(Dataset extract):
· · · · · · ·
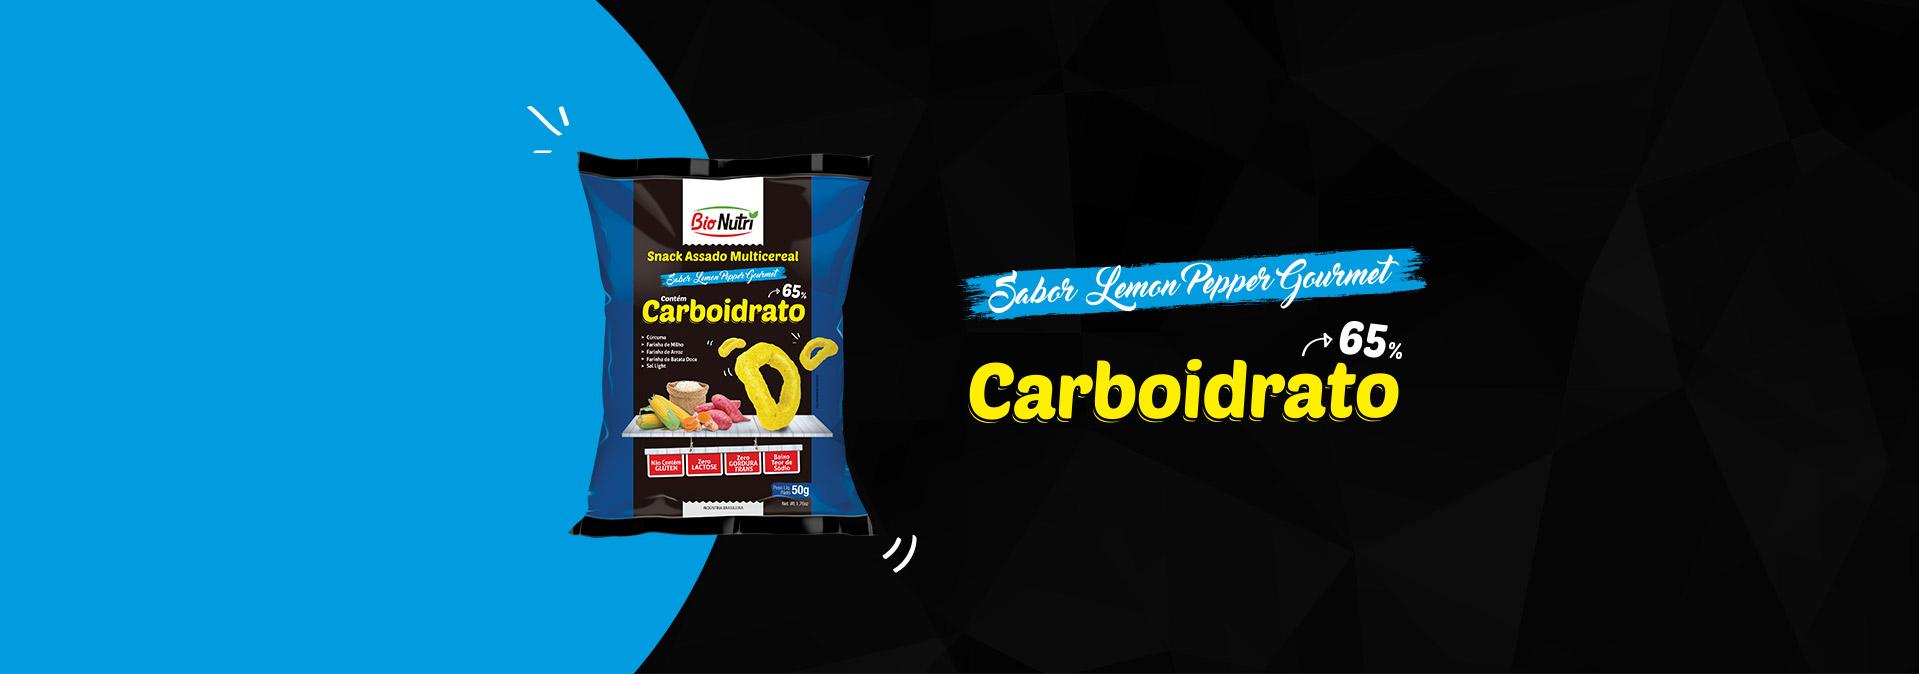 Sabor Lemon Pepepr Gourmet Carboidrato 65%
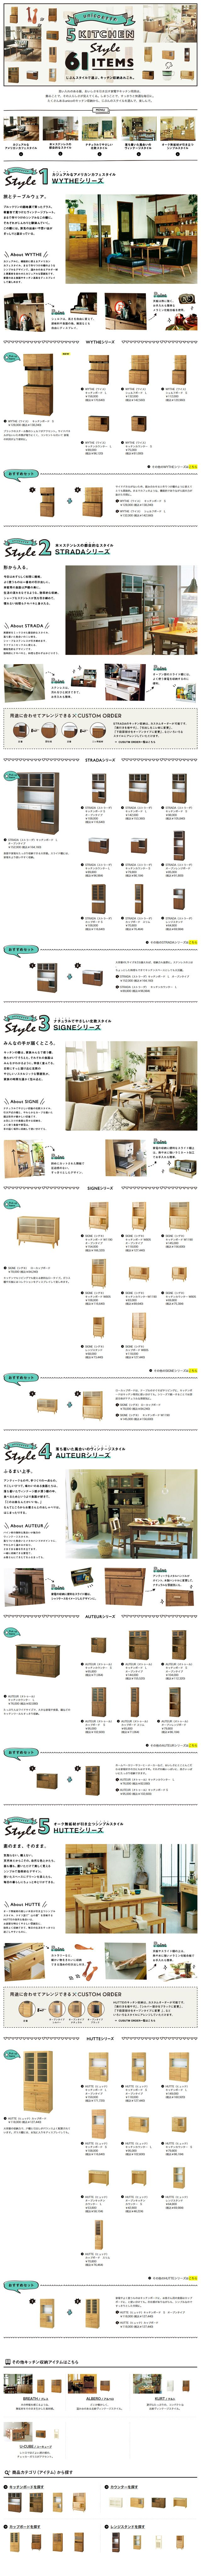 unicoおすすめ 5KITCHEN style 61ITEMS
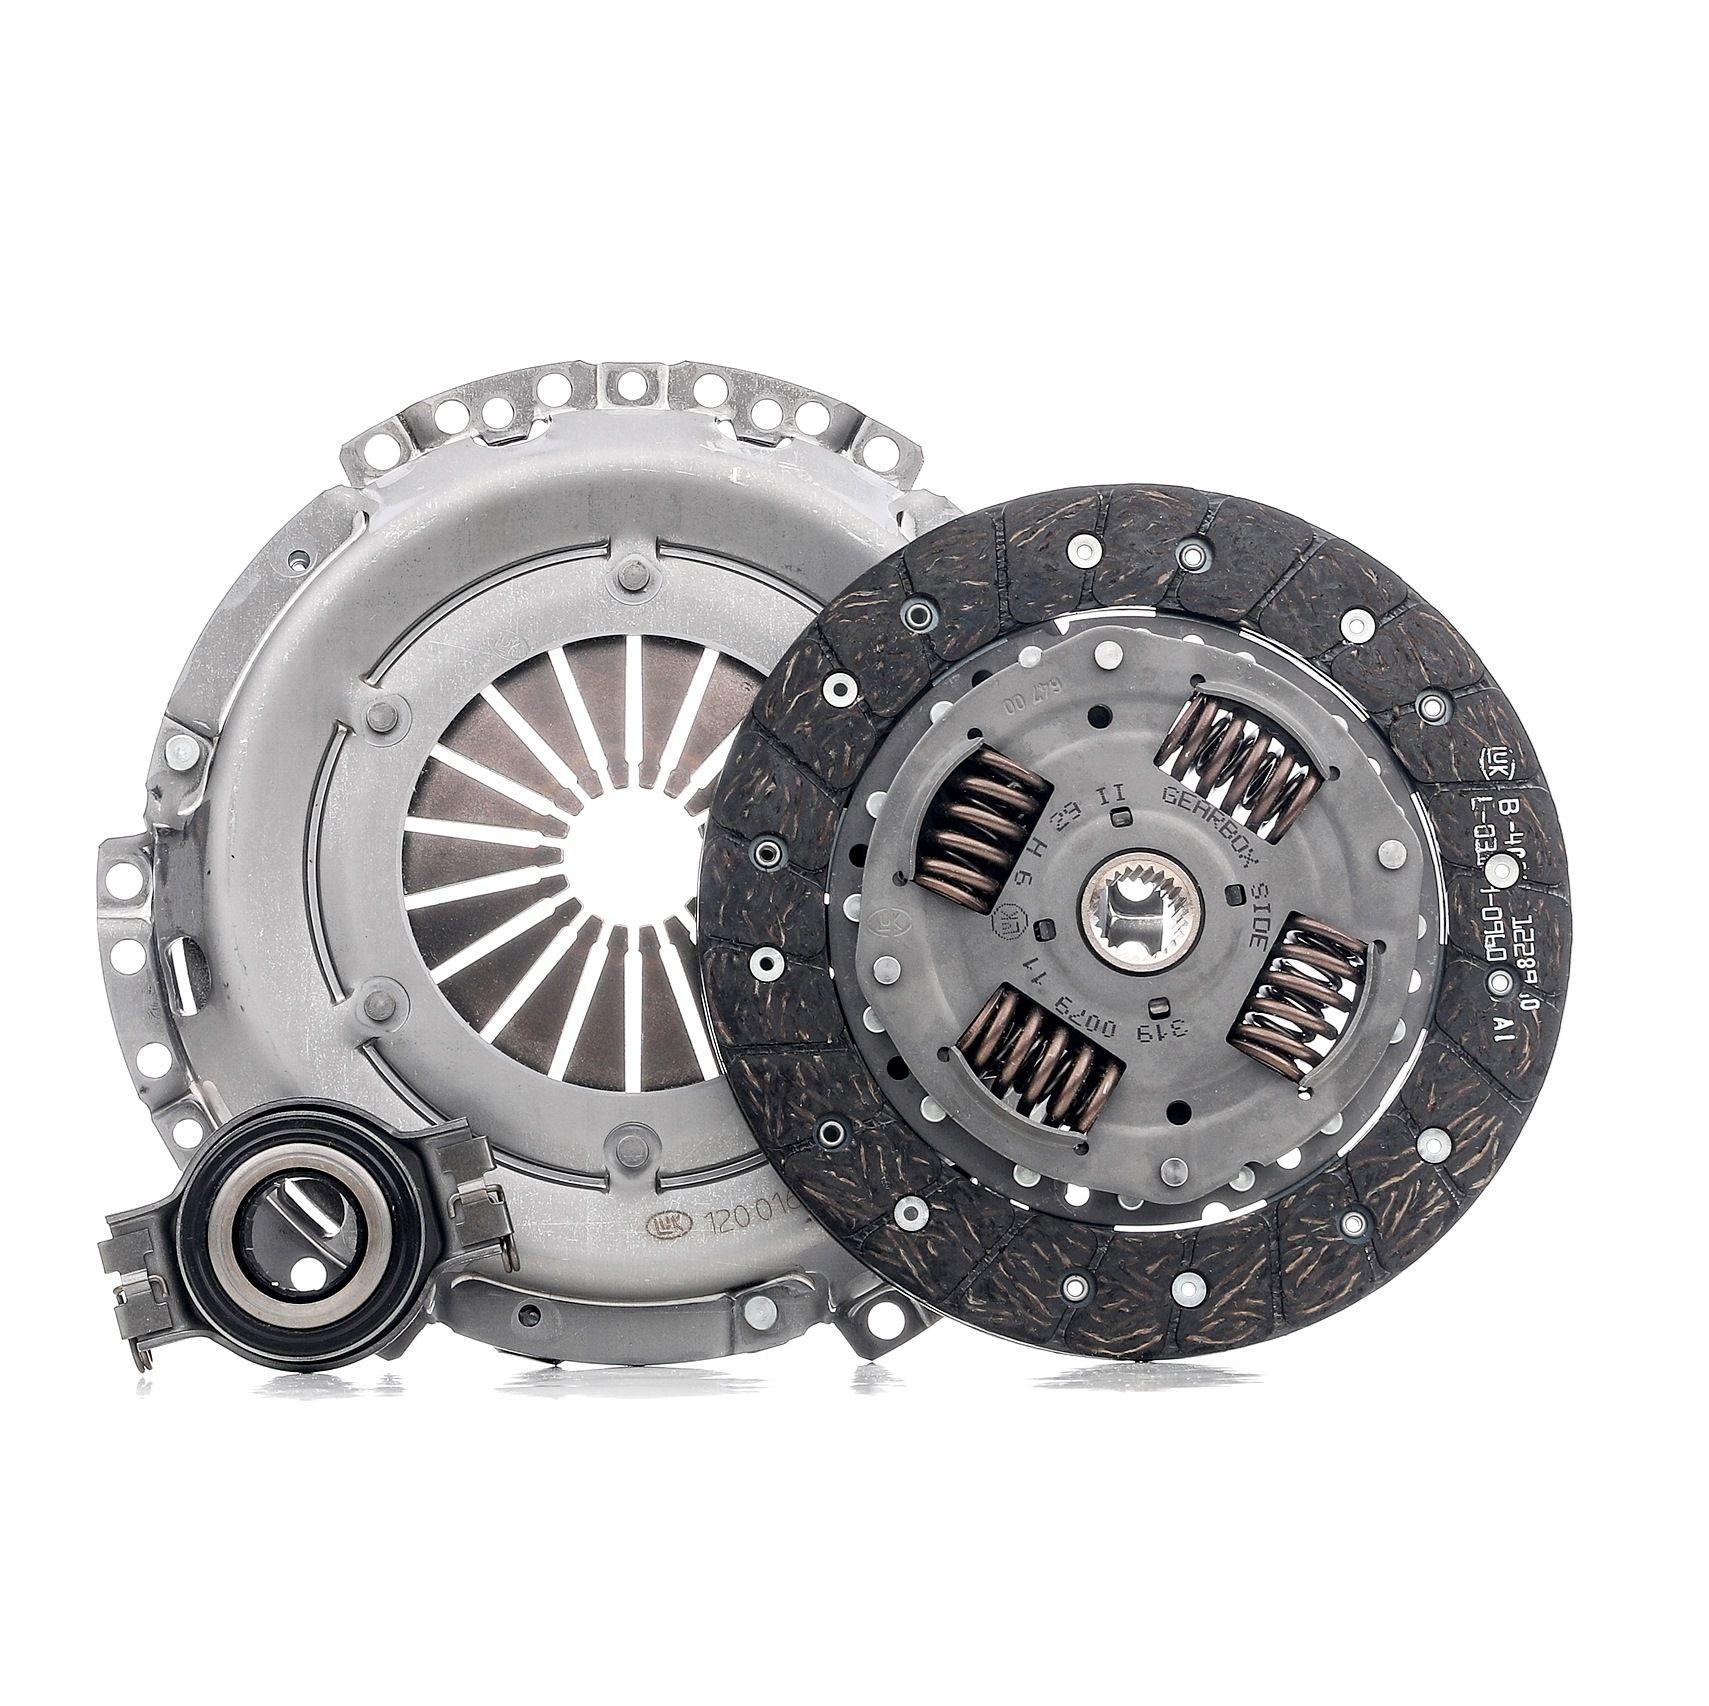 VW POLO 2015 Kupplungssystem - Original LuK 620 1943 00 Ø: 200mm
· · · · · · ·
(What the task requires):
Setting the pictures aside, return exactly the lines from the line with "unicoおすすめ 5KITCHEN style 61ITEMS" through the last line of the listing above.

(Answer to this task):
 unicoおすすめ 5KITCHEN style 61ITEMS
 VW POLO 2015 Kupplungssystem - Original LuK 620 1943 00 Ø: 200mm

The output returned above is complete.